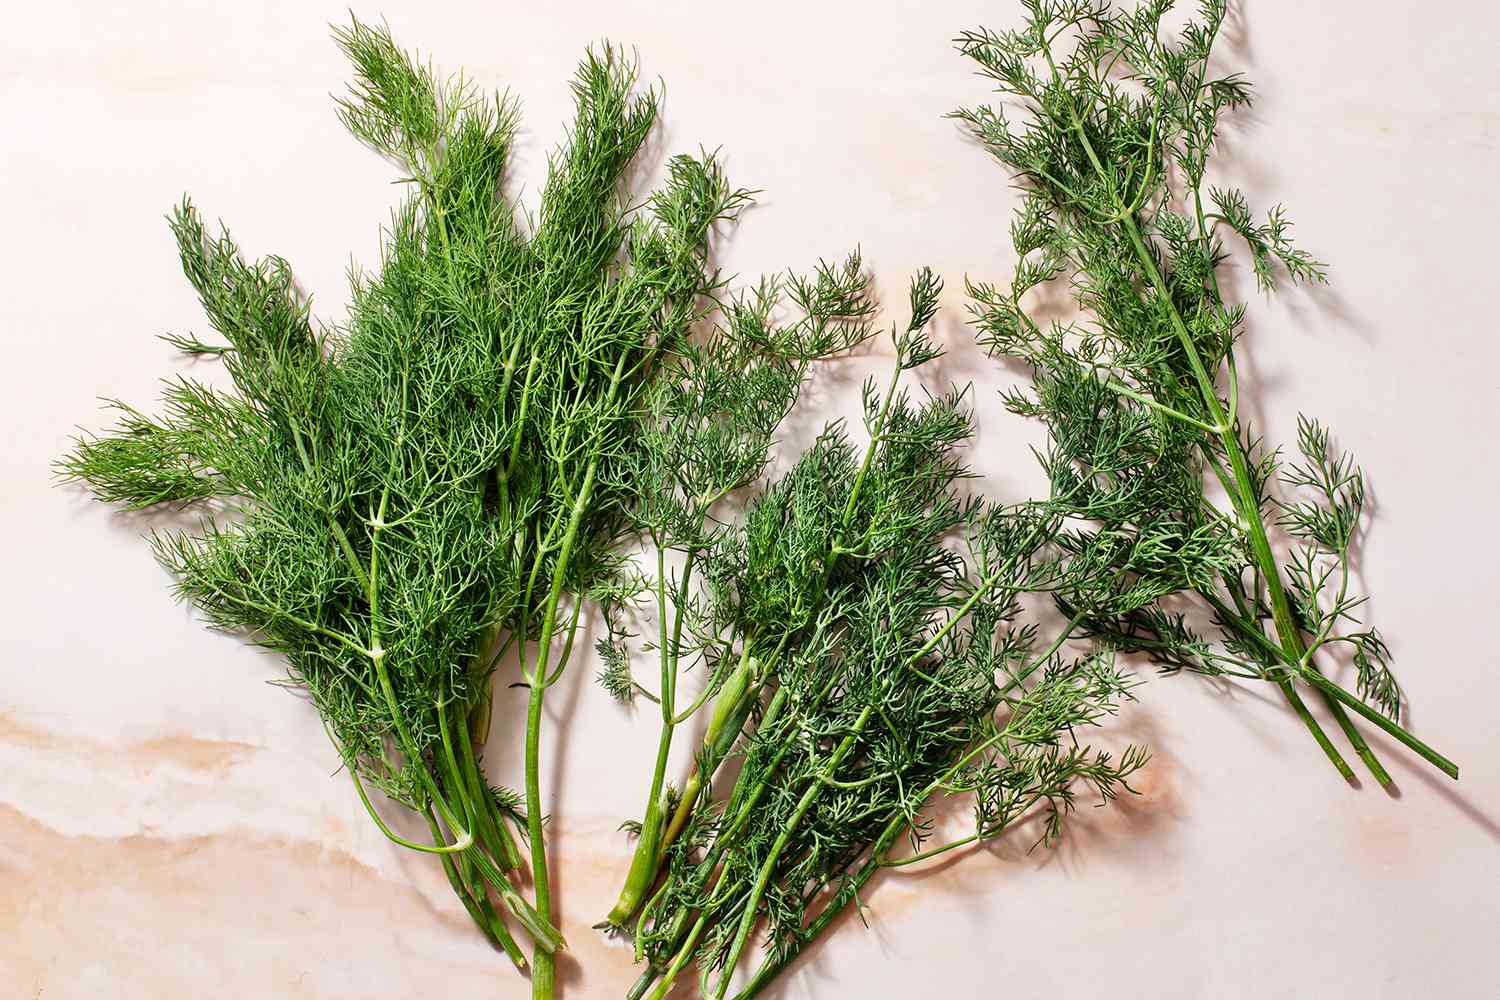 How To Trim Dill Plant
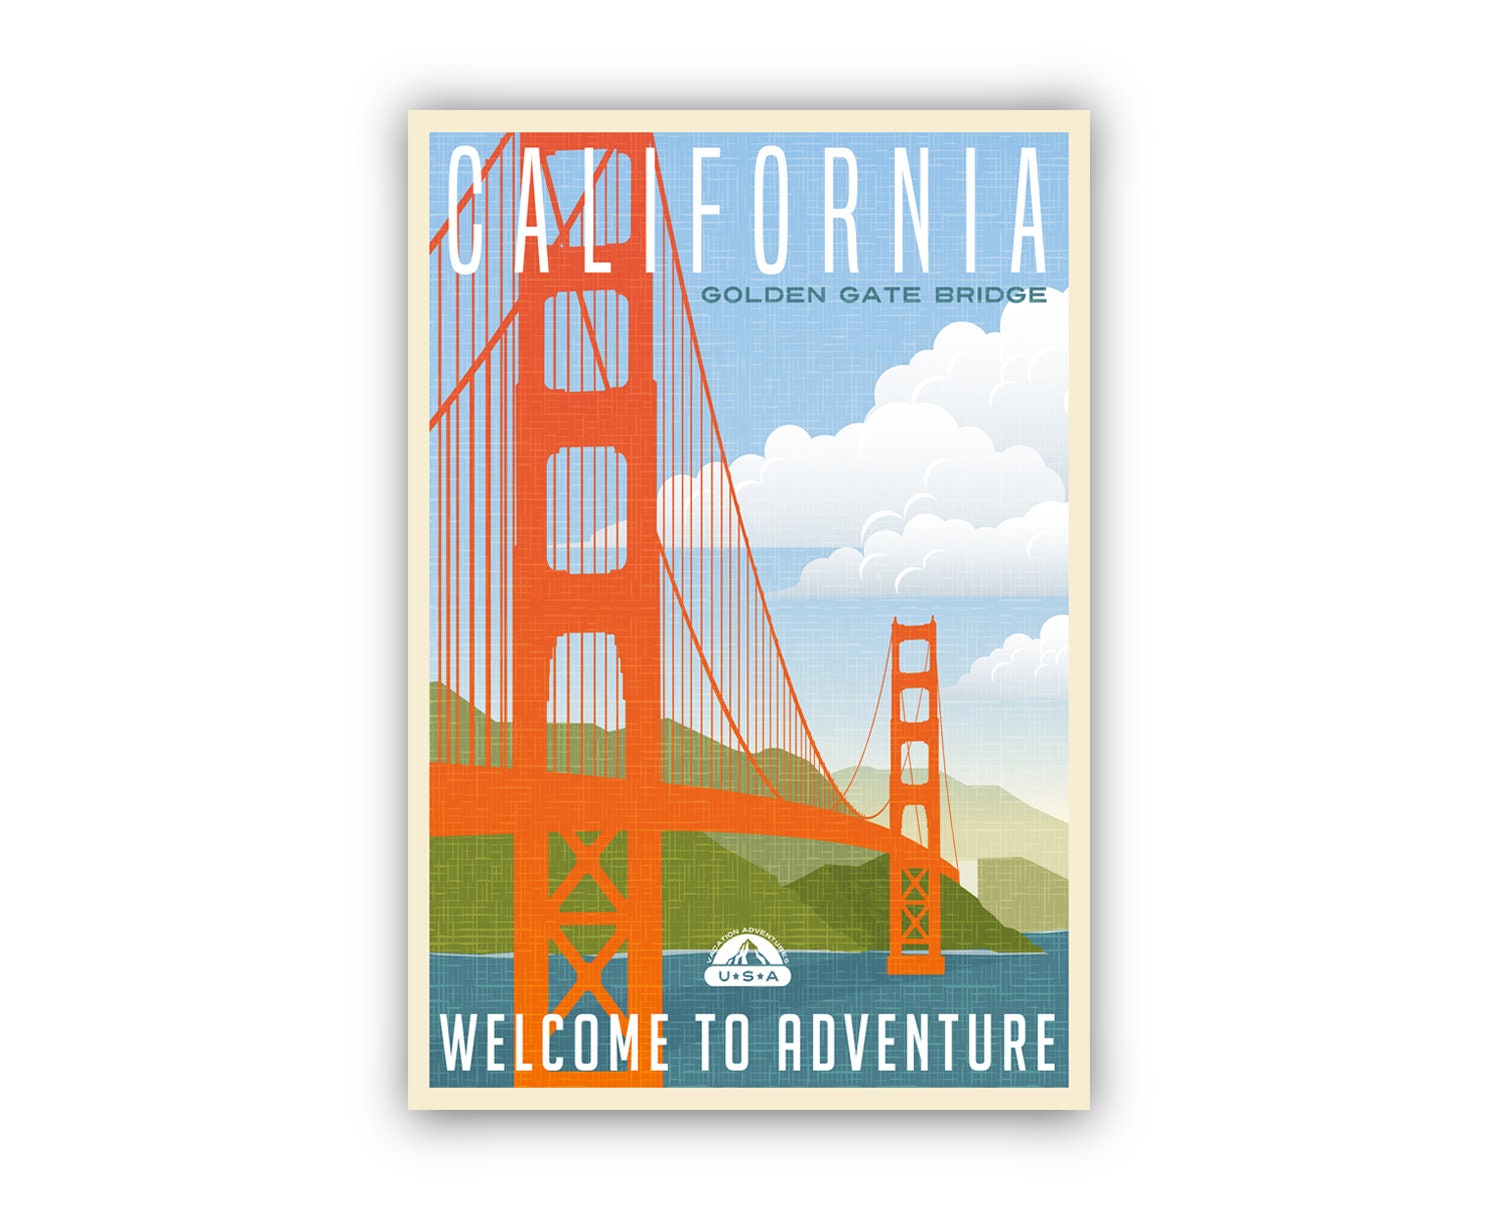 Retro Style Travel Poster, California Vintage Rustic Poster Print, Home Wall Art, Office Wall Decor, Posters, California, State Map Poster
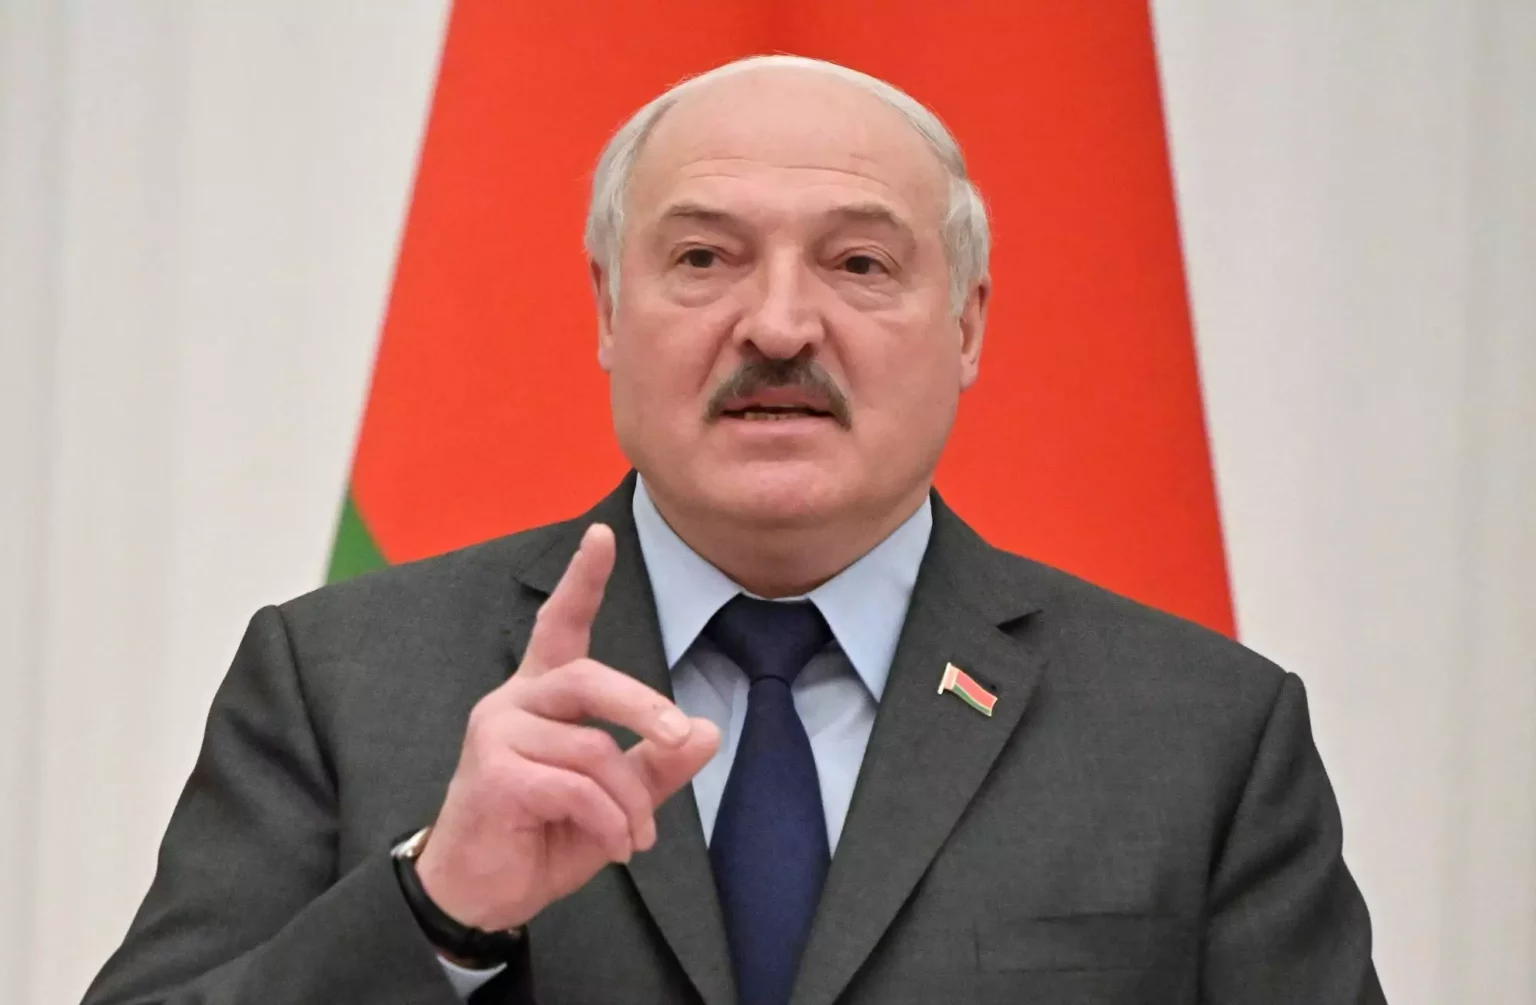 belarus-leader-says-he-wants-guarantees-that-russia-would-defend-his-country-if-it-is-attacked
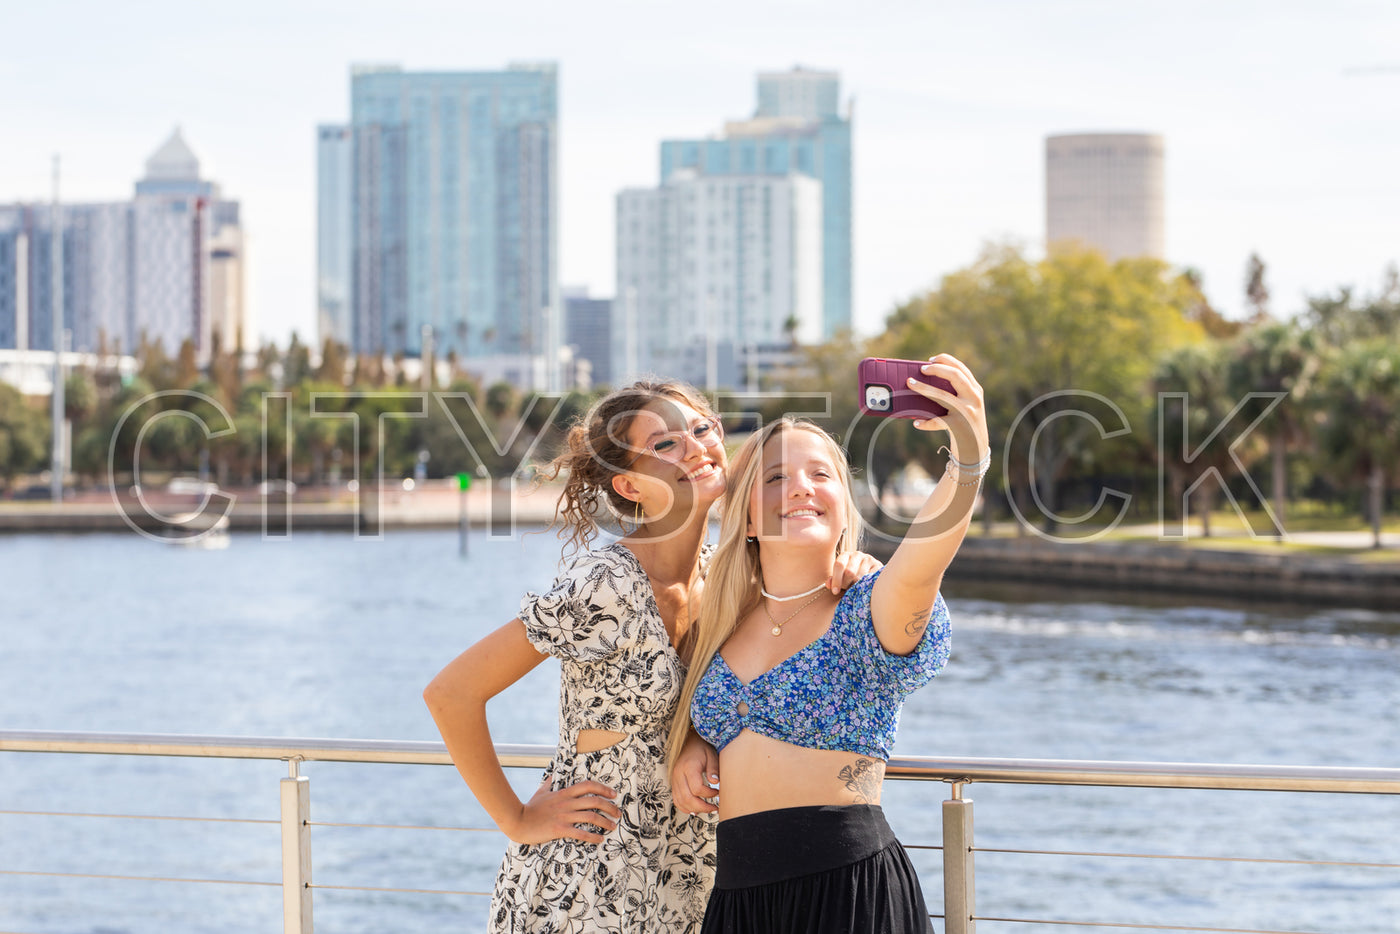 Joyful young women capturing selfie with Tampa skyline in the background
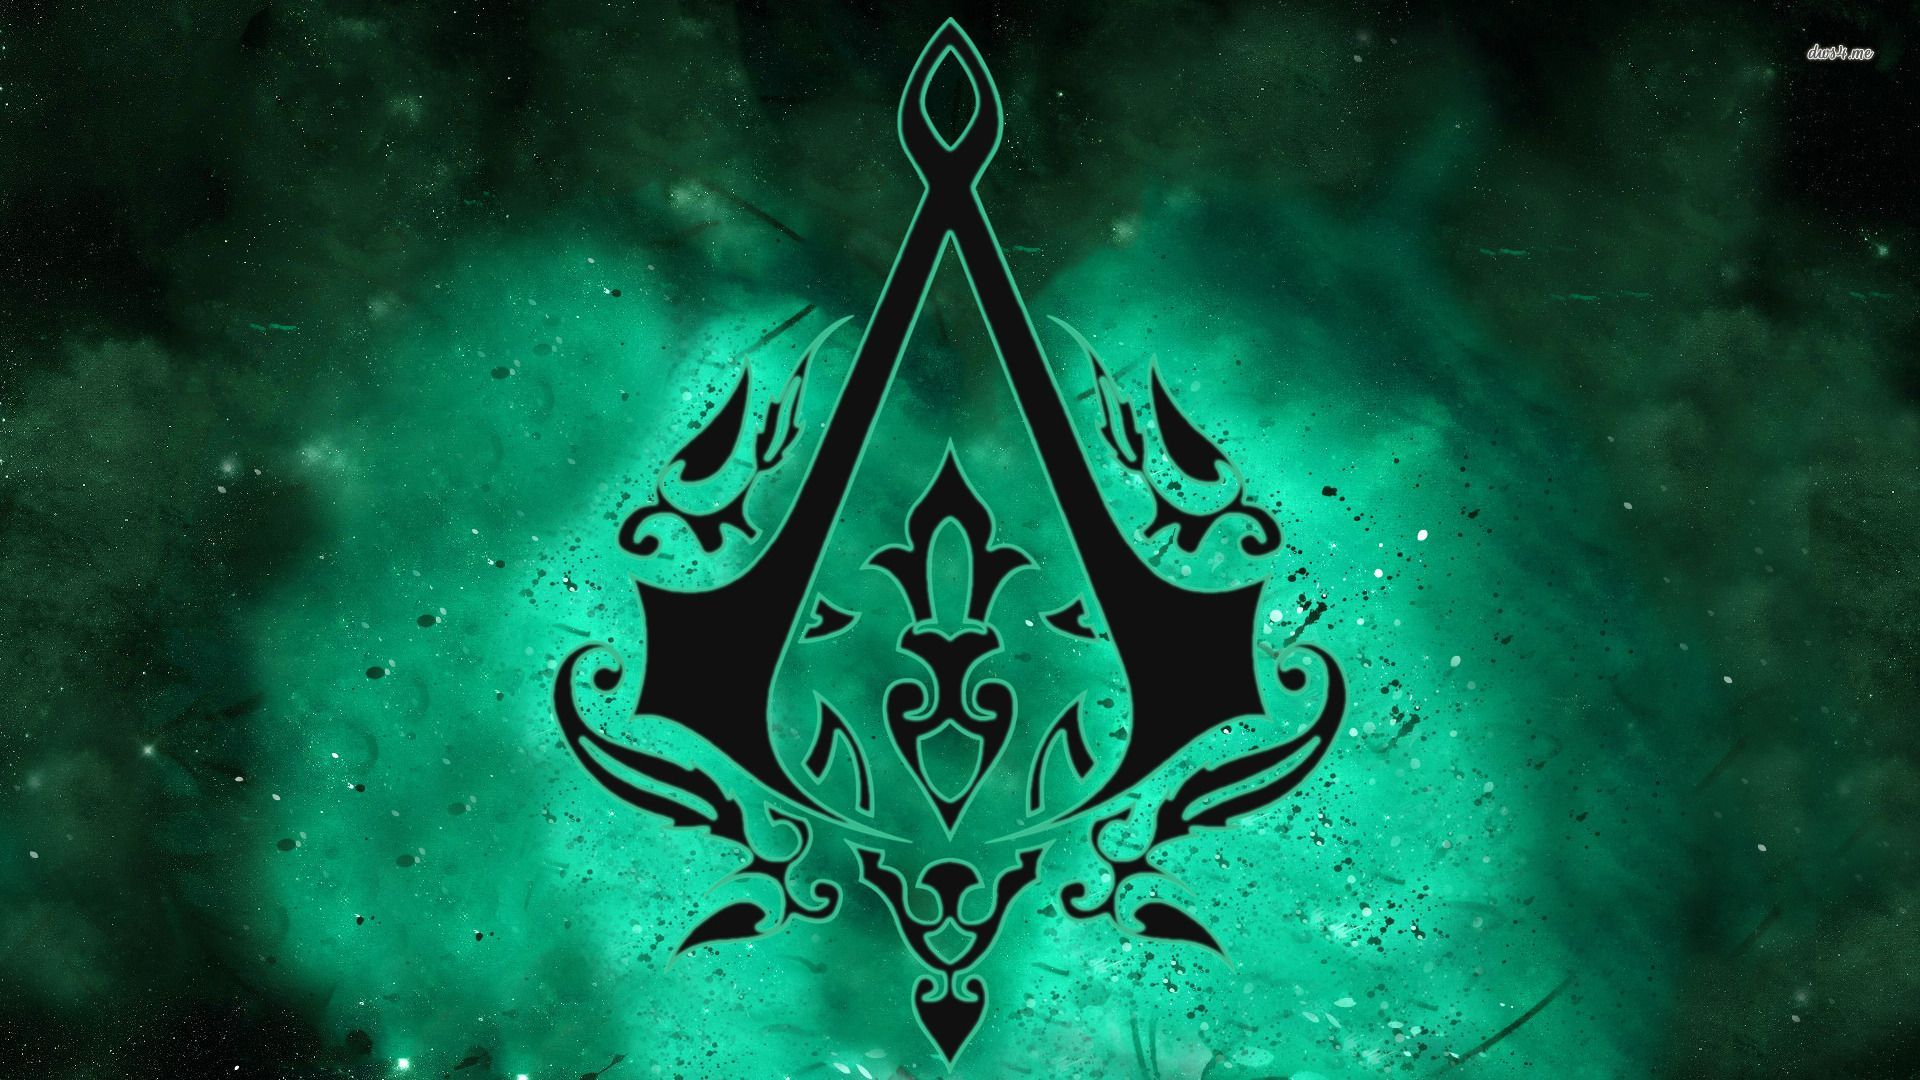 What is the best Assassin's Creed symbol?

__Aim of the exercise__. Omitting all images, print the listing exactly.

__Task response__.
 How To Trim Dill Plant
 Retro Style Travel Poster, California Vintage Rustic Poster Print, Home Wall Art, Office Wall Decor, Posters, California, State Map Poster
 belarus-leader-says-he-wants-guarantees-that-russia-would-defend-his-country-if-it-is-attacked
 Joyful young women capturing selfie with Tampa skyline in the background
 What is the best Assassin's Creed symbol?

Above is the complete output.